Espace Jeunesse : une approche décomplexée de la santé mentale

Crédit image: Rudy Chabannes

TORONTO –  L’Espace Jeunesse a ouvert ses portes, cette semaine, sur la rue Richmond Ouest, au centre-ville de Toronto. Premier du genre, il ambitionne de répondre aux besoins des francophones de 12 à 17 ans en santé mentale, ce que ne parviendraient pas à faire les carrefours bien-être, lancés en 2018 par la province et largement tournés vers la clientèle anglophone.

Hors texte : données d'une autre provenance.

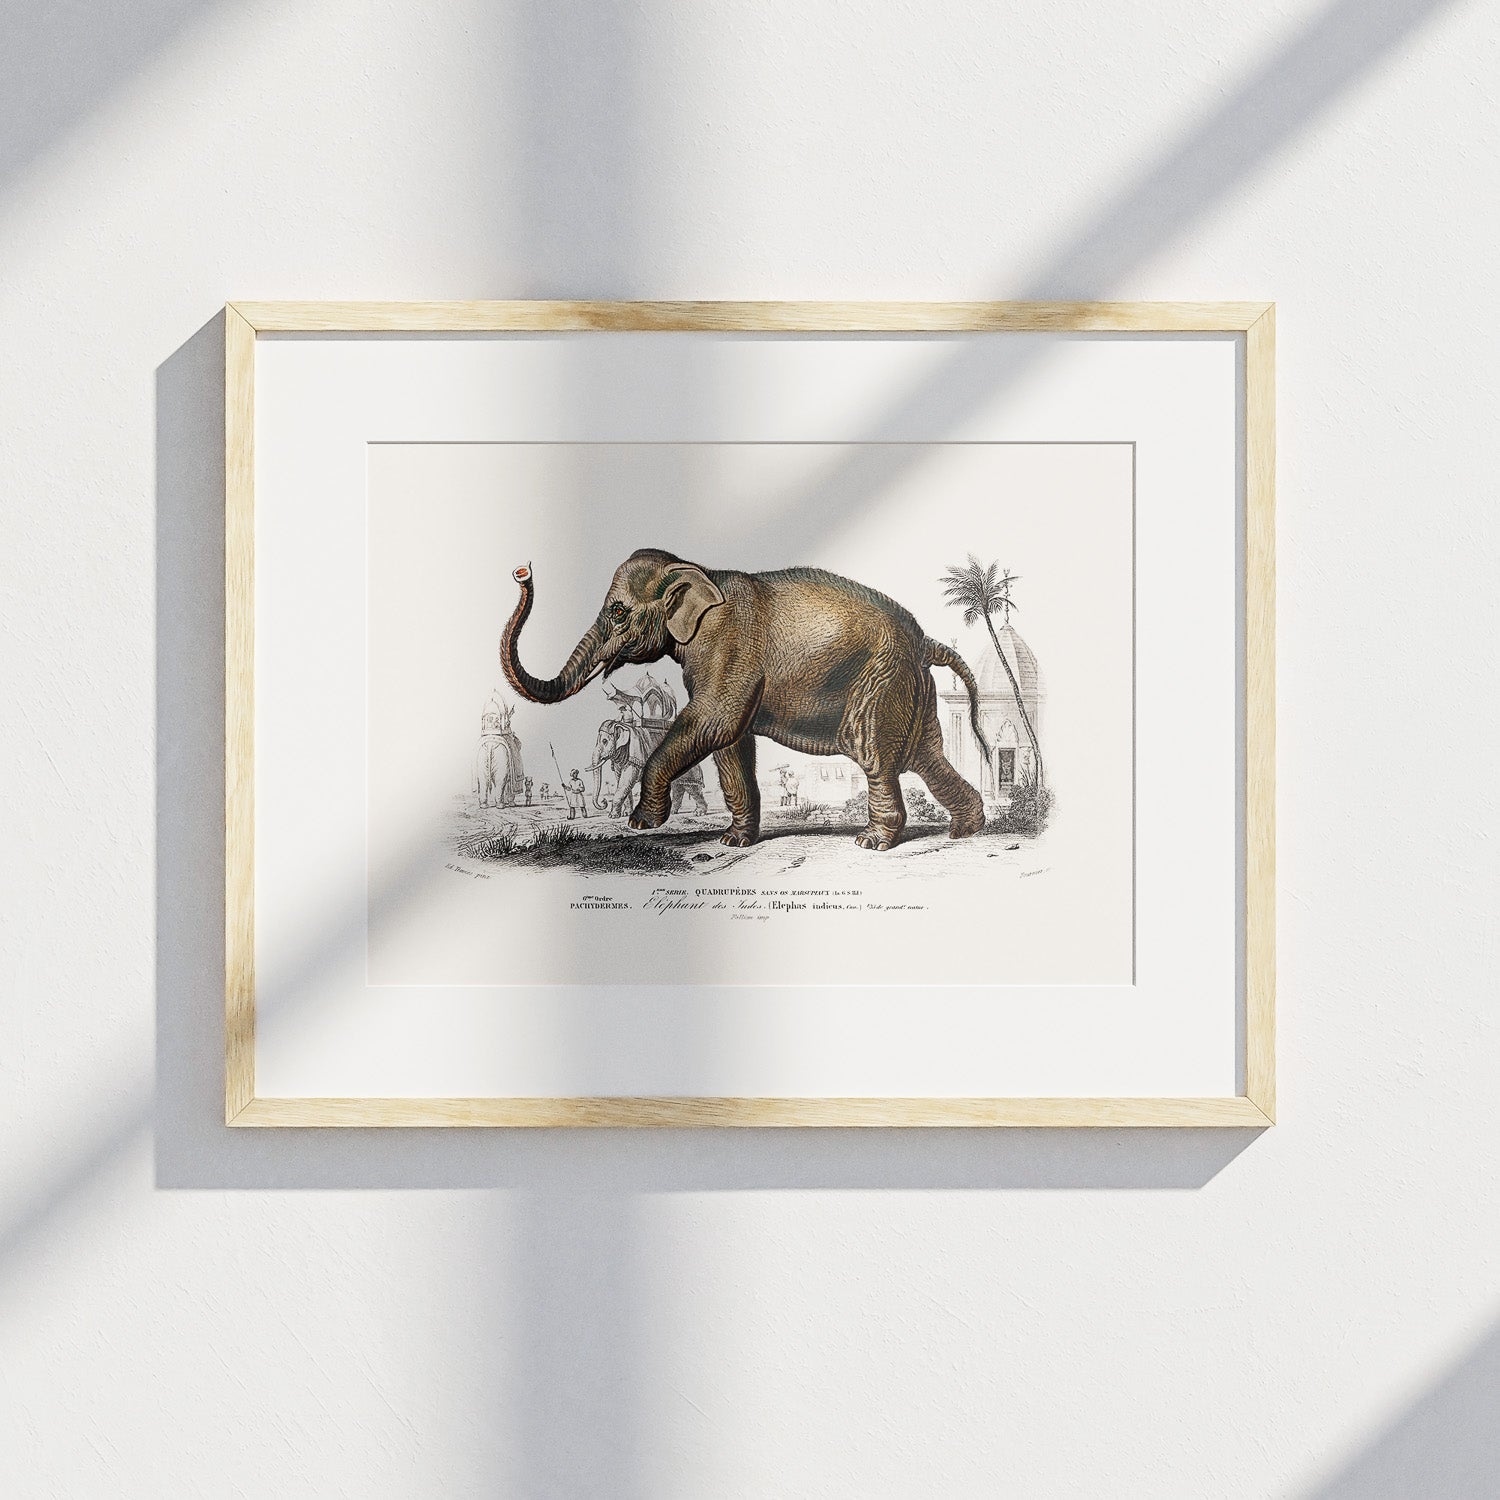 Historisk poster från 1837 som visar en illustration av en elefant

Difficile d’imaginer à quoi va ressembler la salle située au Centre francophone du Grand Toronto (CFGT). Dans ce lieu de vie, où tout reste à inventer, ce sont les utilisateurs eux-mêmes qui vont agencer l’espace à leur image, selon le principe du « par et pour », jusque dans l’usage des réseaux sociaux, s’ils en éprouvent le besoin.

« Ce qui est ressorti de notre sondage mené dans les conseils scolaires, c’est que les jeunes veulent se retrouver dans un endroit à l’extérieur de l’école qui leur appartienne, auquel ils peuvent s’identifier et vivre leur francophonie », explique Sika Eliev, directrice des services de santé mentale et développement de l’enfance.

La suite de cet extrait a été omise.